This practical explores the use of the Bootstrap method for uncertainty estimation. Recall that both linear theory error estimation as well as Monte Carlo error propagation required nowledge of the size of the data errors in the form of a data covariance matrix.   The bootstrap can be used to estimate error in a solution without knowledge of  size of errors in the data. Instead it can be applied by assuming that the data errors, or data residuals more usually, are independently, identically distributed, IID. This can be a reasonable assumption if data error correlation is minimal.
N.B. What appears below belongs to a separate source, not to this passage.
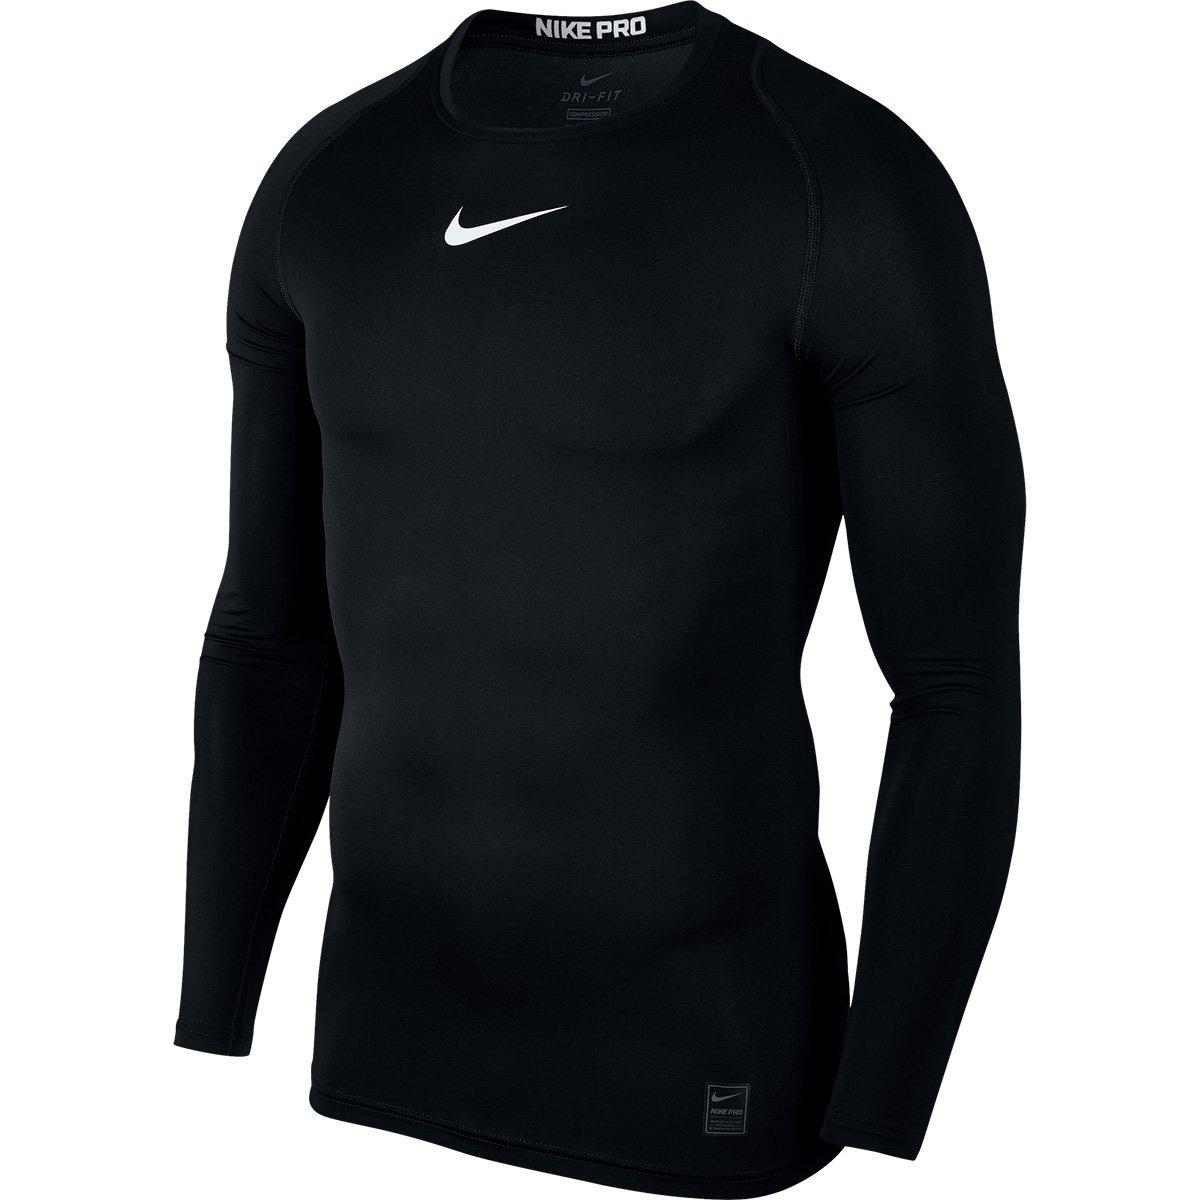 91aeb02bc6810 Camiseta Compressão Nike Pro Manga Longa Masculina - Preto e Branco -  Compre Agora

Here we apply the bootstrap to a nonlinear inverse problem that requires an iterative solution. 

As an example, we will consider is earthquake location.

Here we make use of a ready made python script to iteratively update an earthquake location for the $(x,y,z)$ and origin time, $t$.  We use a homogeneous crustal Earth model with wave speed, v=5.8 km/s. 


First load some libraries.

In [None]:
# -------------------------------------------------------- #
#                                                          #
#     Uncomment below to set up environment on "colab"     #
#                                                          #
# -------------------------------------------------------- #

# !pip install -U anu-inversion-course
# !git clone https://github.com/anu-ilab/JupyterPracticals
# %cd JupyterPracticals

In [1]:
%matplotlib inline
import matplotlib.pyplot as plt
from scipy import stats
import numpy as np
import math
import pickle
from anu_inversion_course import plotcovellipse as pc
from anu_inversion_course import eqlocate as eq


Now read in the seismic station locations and the arrival times of the earthquake at these stations. Also we read in a border for a plot of the iterative solution.

In [2]:
pickle_eq = open("Datasets/loctim.pickle","rb")
[la,lo,el,ts] = pickle.load(pickle_eq)

vp0=5.8 # seismic wavespeed of halfspace Earth model
vp = np.ones(la.shape[0])

# load border.xy
pickle_b = open("Datasets/border.pickle","rb")
[borderx,bordery] = pickle.load(pickle_b)

**Task 1** 

Use the earthquake location routine *eqlocate.py* to find the best fit location from the data.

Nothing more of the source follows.